Order affirmed, etc.

. Though pleaded somewhat generally, these theories must be taken as encompassed within the complaint’s allegation that the conduct of the defendant, inter alia, has caused it to “become strictly liable to plaintiff” and that it had “breached express and implied warranties”. It also alleged “actionable misrepresentations”. These, according to the bill of particulars, included failure to give “warning to potential users that [the slippers] were unsafe under the conditions that the plaintiff used them” and that the defendant “impliedly warranted that the slippers were fit for ordinary, everyday use, and they were fit for use on floors common to residences”.

. In opposing defendant’s summary judgment motion, plaintiff asserted that, while her witnesses had been deposed, defendant had succeeded in delaying its own deposition. As a consequence, she prudently requested that, if the court were to seriously contemplate granting defendant’s motion, it defer the matter until discovery was completed. Because Special Term denied the motion on its merits, it, of course, became unnecessary for Special Term to do so. For its part, the Appellate Division never considered this alternative.

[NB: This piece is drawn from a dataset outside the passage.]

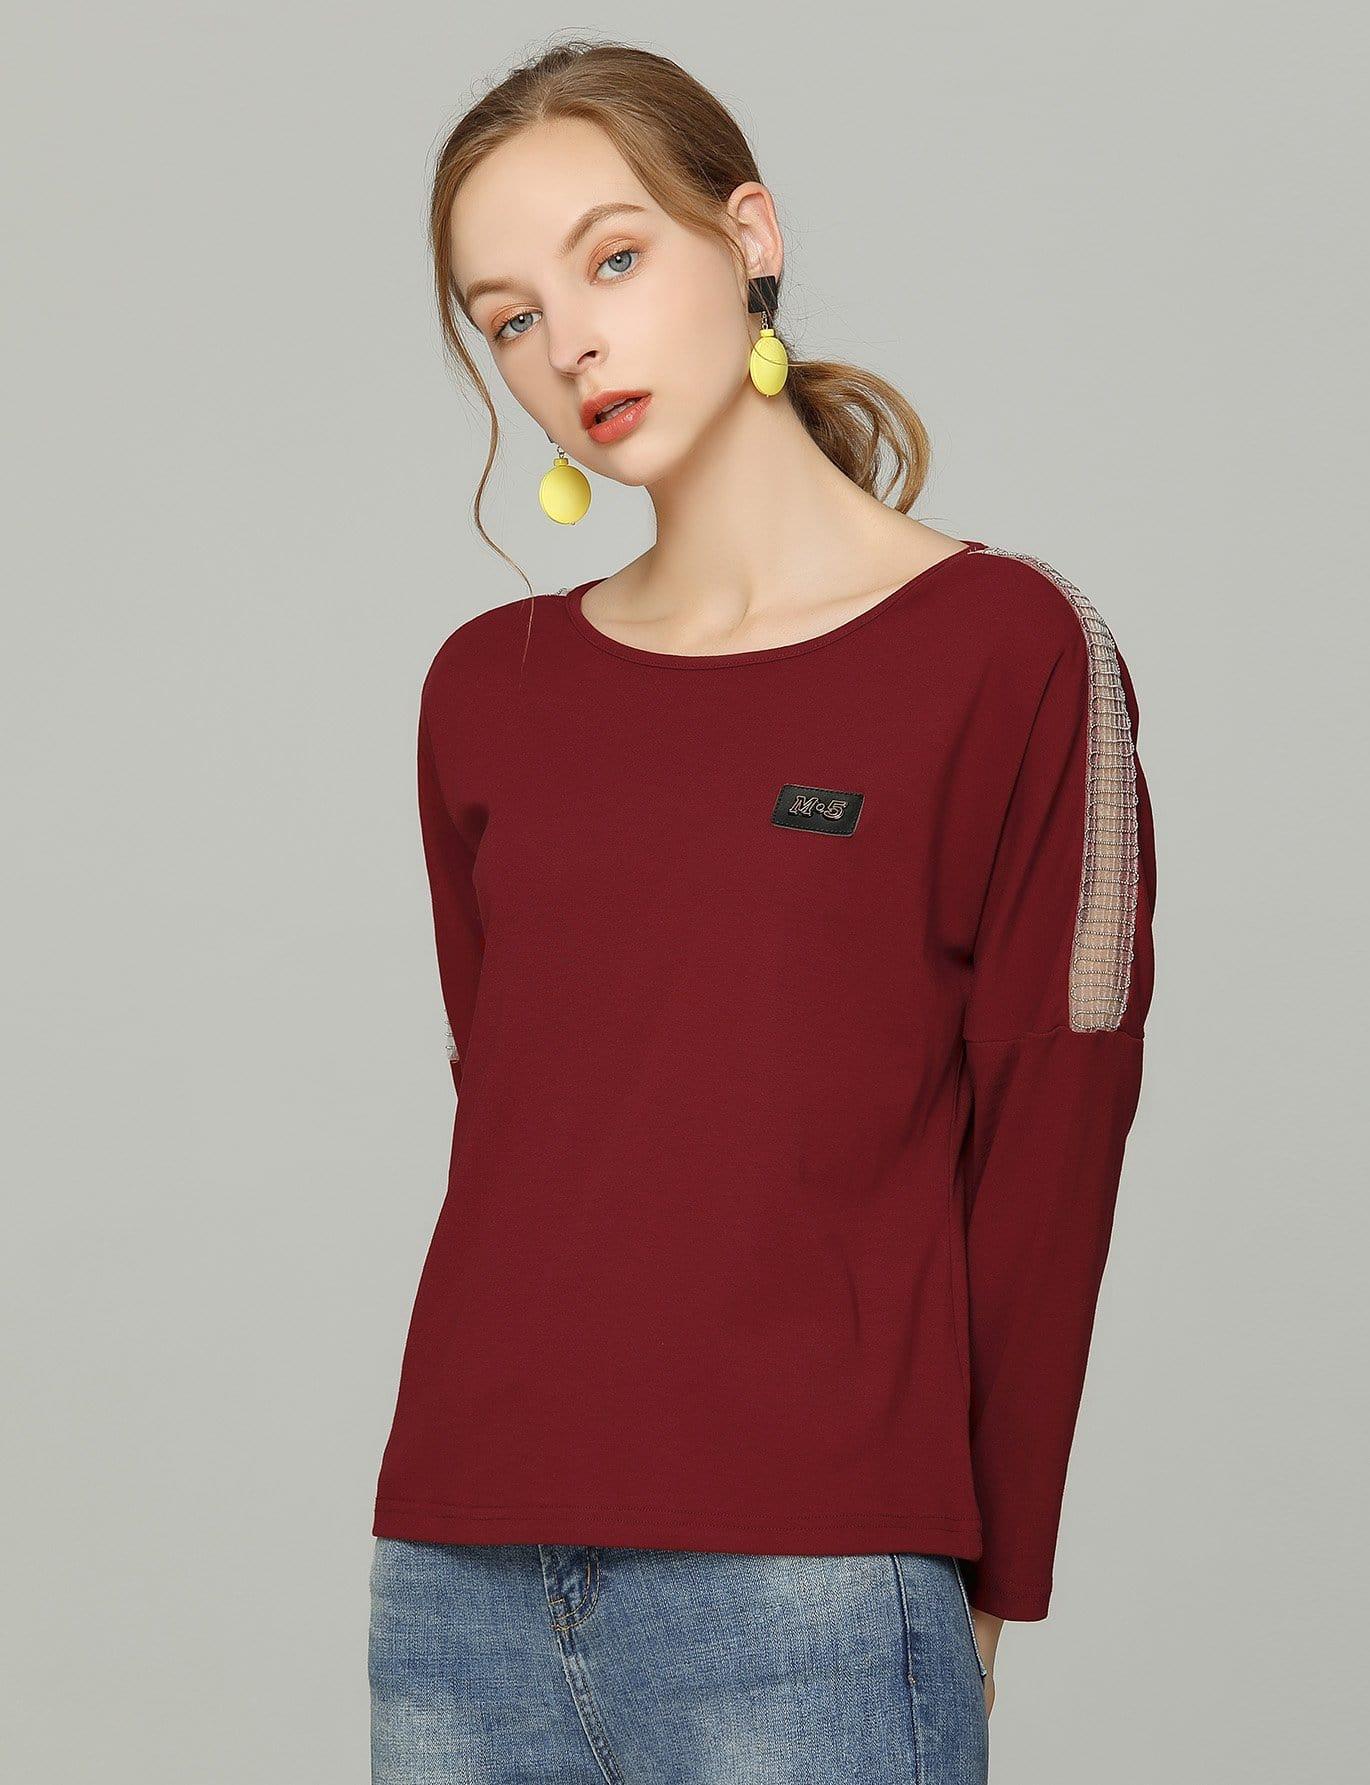 Купить Блуза с заниженной линией плеч и со симметрическими кружевами, null, SheIn

. The detailed report advises that any value below 0.5 has “some measure” of hazard to one who wears such slippers and that, two series of tests having been run, the first produced values of only 0.2, 0.19, 0.17 and 0.17 for an average of 0.185, while the second produced 0.16, 0.15, 0.18 and 0.17 for an average of but 0.165.

. Plaintiff also cross-moved for leave to amend her complaint to increase the prayer in its ad damnum, clause and, without altering its substantive assertions, to specifically include a negligence theory (see CPLR 3025, subd [b]). This motion (made at a time when Loomis v Civetta Corinno Constr. Corp., 54 NY2d 18, had not yet been decided) was denied. Be that as it may, because, for practical purposes, the majority’s disposition of the defendant’s appeal would render the cross appeal academic, I do not treat with it.

. (See Ultramares Corp. v Touche, 255 NY 170, 180.)

. The policy component was so dominant that the Perlmutter holding has since been codified by the Legislature, notably only as to blood cases (Public Health Law, § 580, subd 4). No doubt, this reinforcement stemmed from the fact that, dehors policy, scholars had expressed concern that unless Perlmutter was narrowly construed, the sales-service dichotomy by which it rationalized its decision might be permitted to extrapolate into less justifiable circumstances (e.g., Farnsworth, Implied Warranties of Quality in Non-Sales Cases, 57 Col L Rev 653, 660-665; Note, 103 U of Pa L Rev 833-836; White and Summers, Uniform Commercial Code [2d ed], § 9-6, at pp 348-349; see, also, Cunningham v MacNeal Mem. Hosp., 47 Ill 2d 443).